Most of the time it would be best to look for the "fileName.dat" somewhere in the "user.home" folder, which is a system property. First create a File path from the "user.home" and then try to find the file there. This is a bit of a guess as you don't provide the exact user of the application, but this would be the most common place.
You are currently reading from the current folder which is determined by
String currentDir = new File(".").getAbsolutePath();
or
System.getProperty("user.dir")
To read a file, even from within a jar archive:
readTheFile(String package, String filename) throws MalformedURLException, IOException
{
String filepath = package+"/"+filename;
// like "pack/fileName.dat" or "fileName.dat"
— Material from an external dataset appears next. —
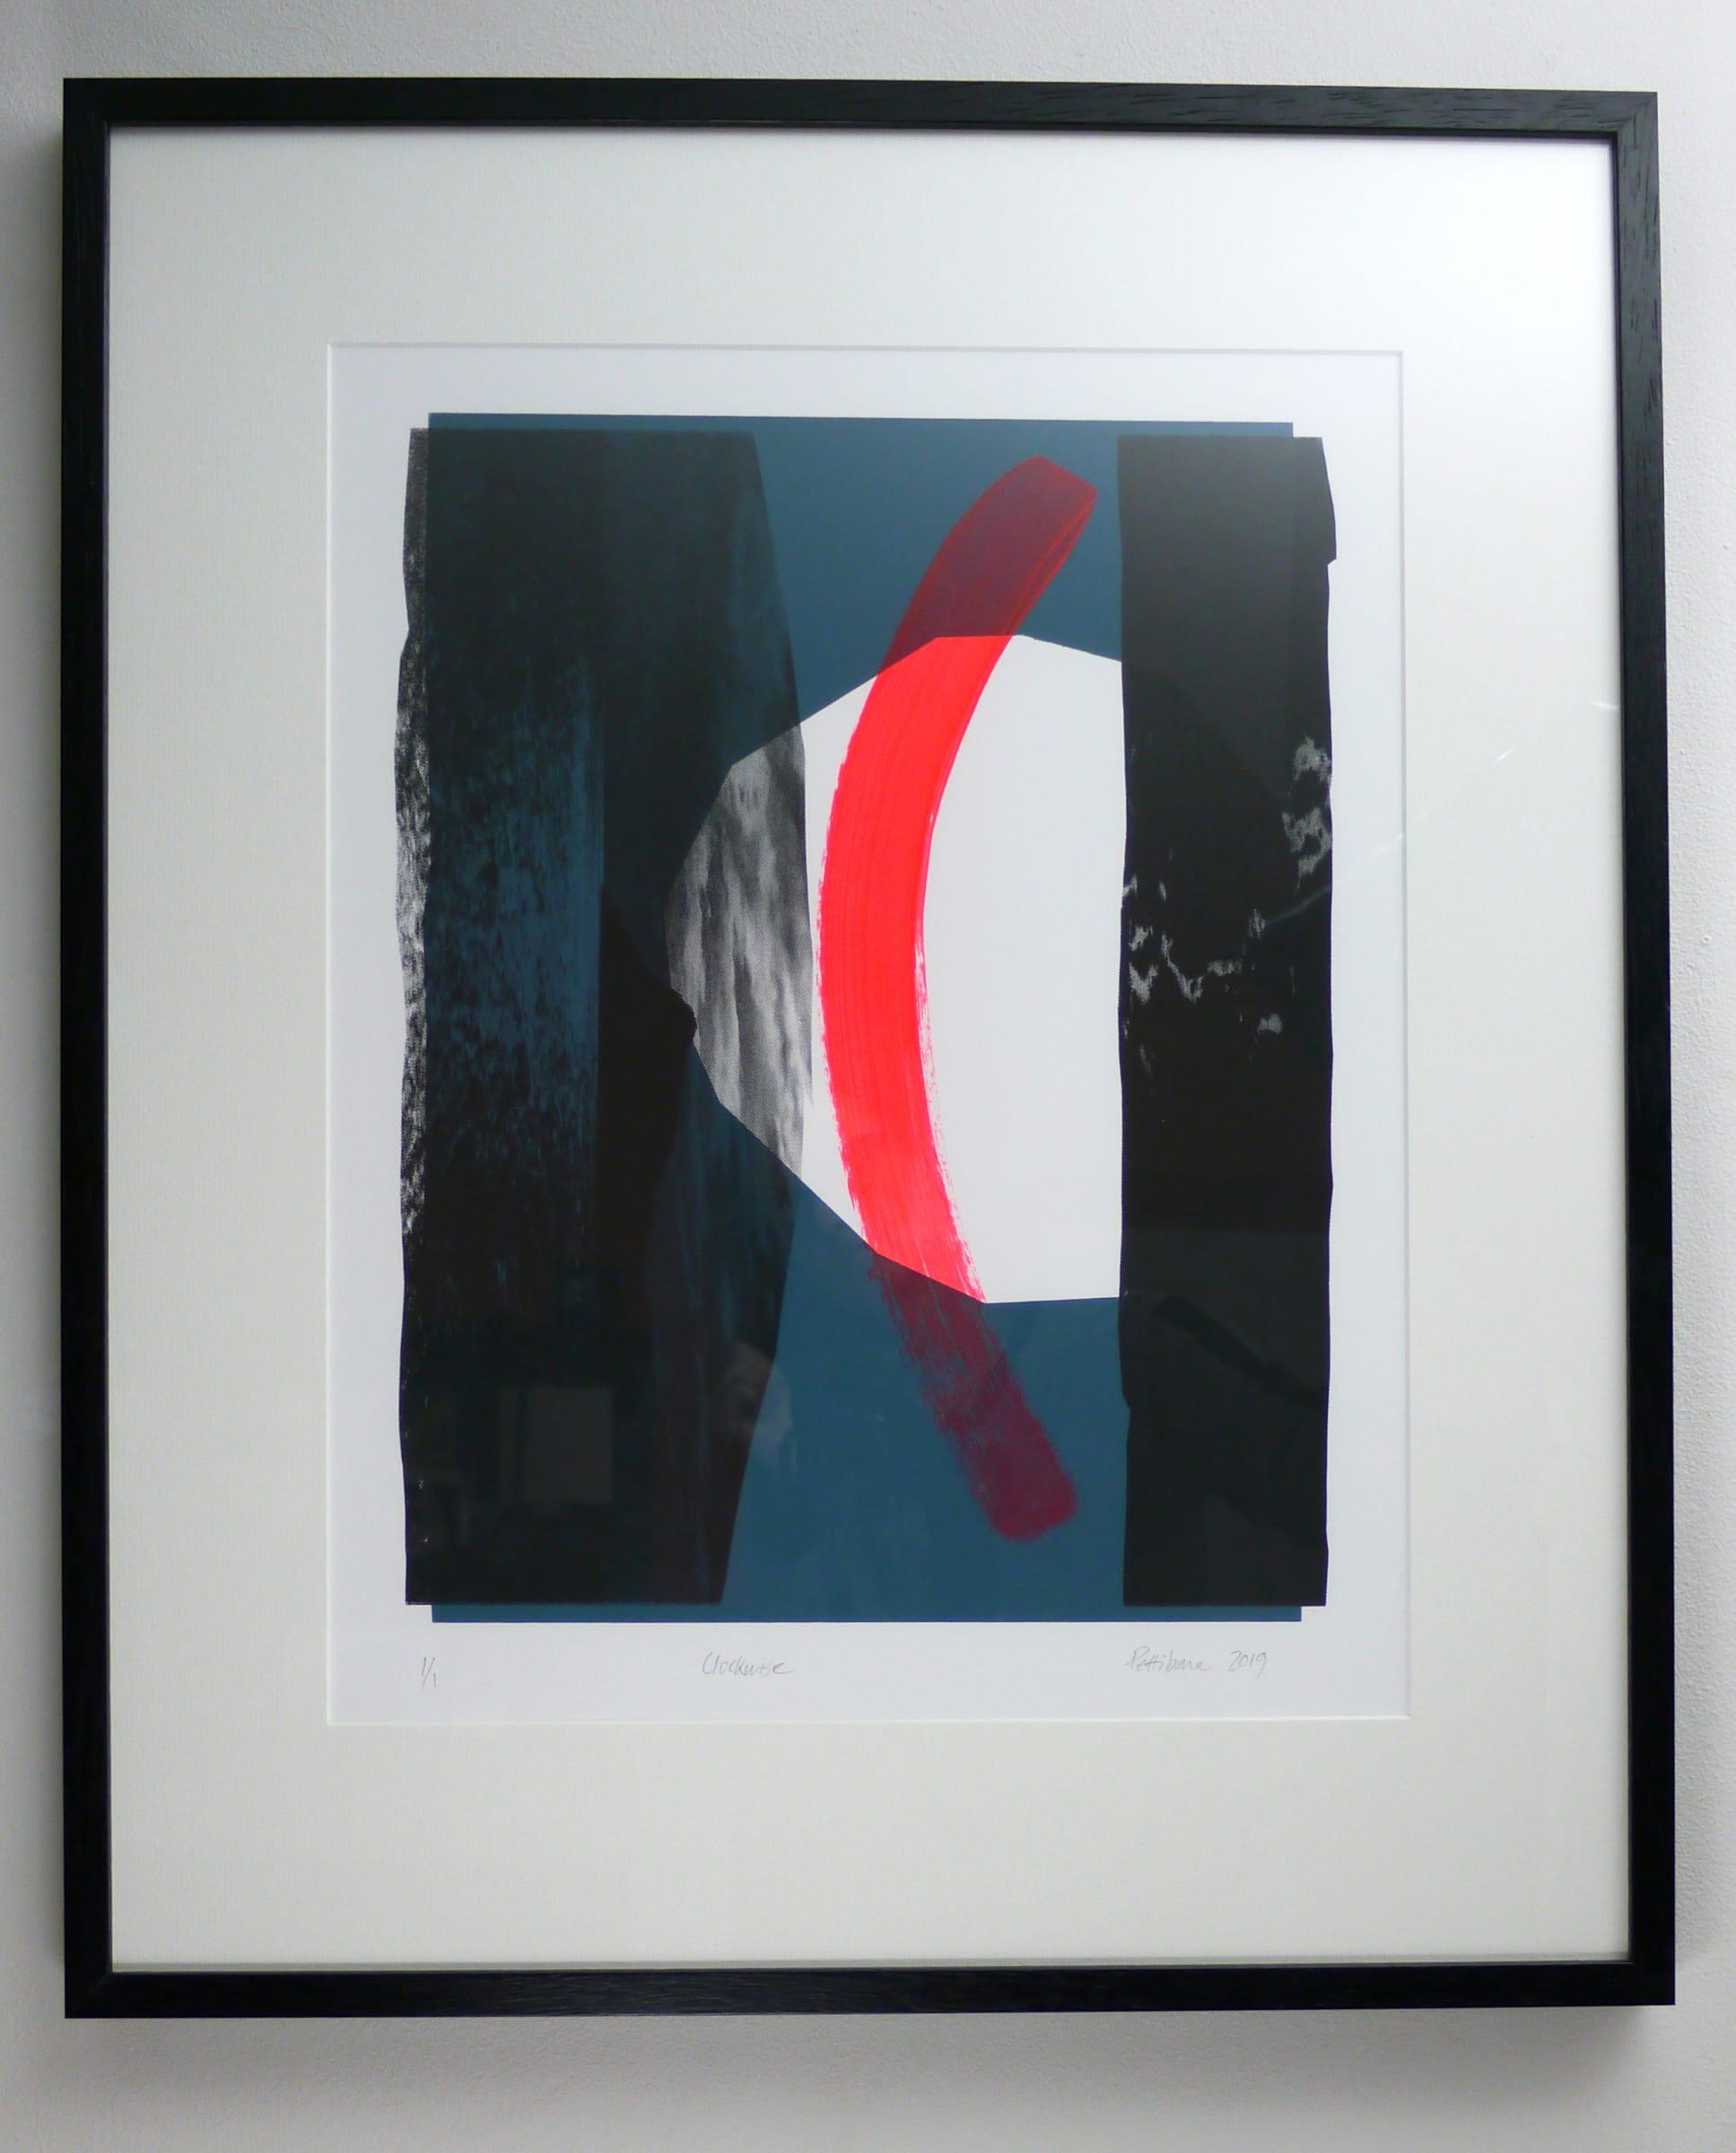 "<span class=""link fancybox-details-link""><a href=""/artists/194-lisa-pettibone/works/6667-lisa-pettibone-clockwise-2019/"">View Detail Page</a></span><div class=""artist""><strong>Lisa Pettibone</strong></div> b. 1960 <div class=""title""><em>Clockwise</em>, 2019</div> <div class=""medium"">Screen print, hand painted</div> <div class=""dimensions"">37 x 46cm</div> <div class=""edition_details"">1/1 - unique</div><div class=""price"">£300.00</div><div class=""copyright_line"">Copyright The Artist</div>"

String s = (new SourceBase()).getSourceBase() + filepath;
URL url = new URL(s);
InputStream ins = url.openStream();
BufferedReader rdr = new BufferedReader(new InputStreamReader(ins, "utf8"));
do {
s = rdr.readLine();
if(s!= null) System.out.println(s);
}
while(s!=null);
rdr.close();
}
with
class SourceBase
{
public String getSourceBase()
{
String cn = this.getClass().getName().replace('.', '/') + ".class";
// like "packagex/SourceBase.class"
String s = this.getClass().getResource('/' + cn).toExternalForm();
// like "file:/javadir/Projects/projectX/build/classes/packagex/SourceBase.class"
// or "jar:file:/opt/java/PROJECTS/testProject/dist/
// testProject.jar!/px/SourceBase.class"
return s.substring(0, s.lastIndexOf(cn));
// like "file:/javadir/Projects/projectX/build/classes/"
// or "jar:file:/opt/java/PROJECTS/testProject/dist/testProject.jar!/"
}
}